I'm building a SHA-1 rainbow table to crack basic passwords (i.e. up to 10 character, 0-9,a-z), but I can't seem to calculate that golden ratio that would give me the most coverage. What ration of chain length to number of chains should be chosen?

Also is there anyway to estimate the coverage of the table? As at now, after building the table I'm using a brute-force attack to check it's coverage. It's a very inefficient way.

I'm building a SHA-1 rainbow table to crack basic passwords (i.e. up to 10 character, 0-9,a-z), but I can't seem to calculate that golden ratio that would give me the most coverage. What ration of chain length to number of chains should be chosen?

That choice is not really about coverage, but (mainly) about how much space you are willing to use. You should choose the number of chains based on how much space you can use, since each chain uses a constant amount independent of its length. Then you can choose the chain length to get the coverage you need or based on the amount of computational effort you can spend on creating the table.

Also is there anyway to estimate the coverage of the table?

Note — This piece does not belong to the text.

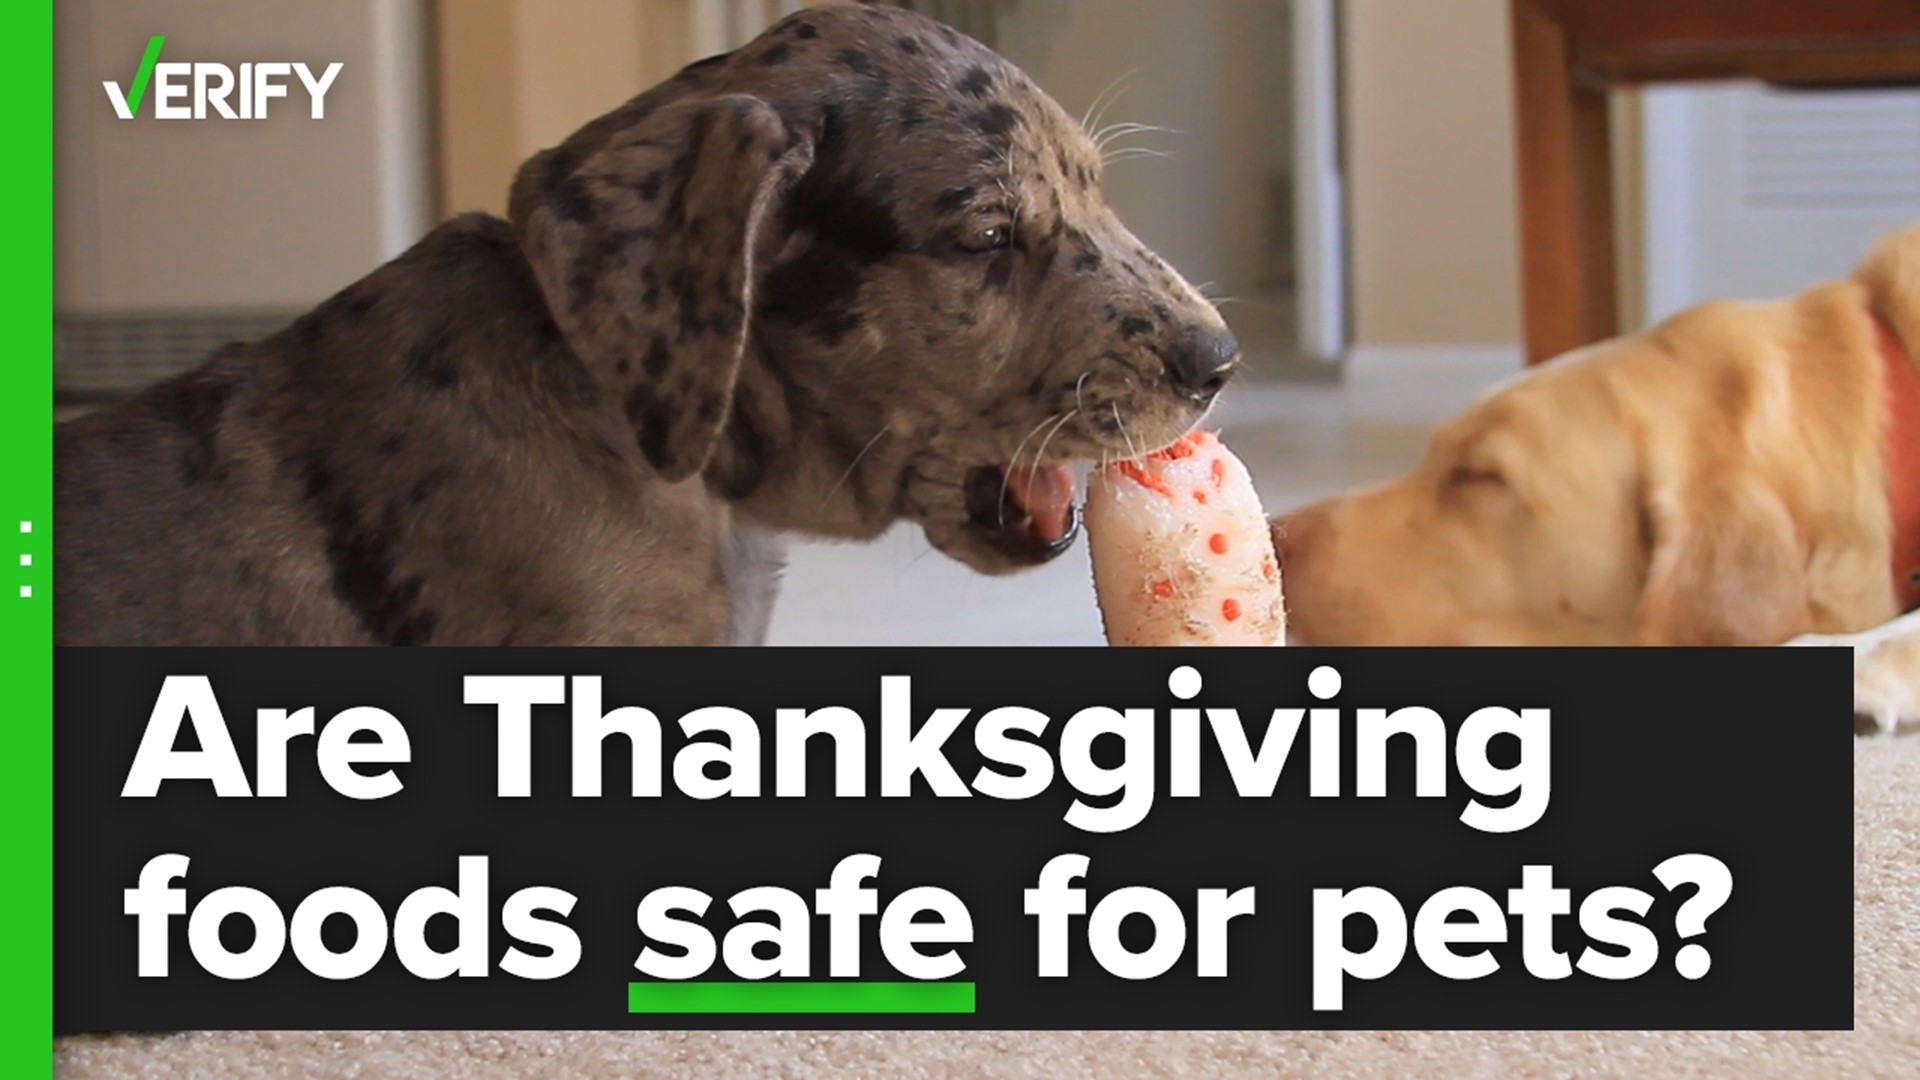 Did you know that many popular Thanksgiving foods are not safe for pets? The VERIFY team looks into what foods are and aren’t safe for your pets to eat this holiday.

Yes. You will find a formula for the probability of success in the seminal paper by Philippe Oechslin (pdf):

The probability of success within a single table of size $m × t$ is given by:

$$P_{table} = \Pi_{i=1}^{t} (1 - \frac{m_i}{N})$$ where $m_1 = m$ and $m_{n+1} = N (1 - e^{-\frac{m_n}{N}})$

Note that in your case you will likely not be able to generate a rainbow table with good coverage unless you invest quite a bit of effort. Your search space is larger than $35^{10} \approx 2^{51.3}$, so to get even 50% coverage you would need to compute more than $2^{50}$ hashes, taking several years of CPU time with a typical desktop CPU.

As long as your coverage is low you can get a decent approximation by assuming you have no collisions, i.e. just divide the product of chain count and chain length by the size of the search space.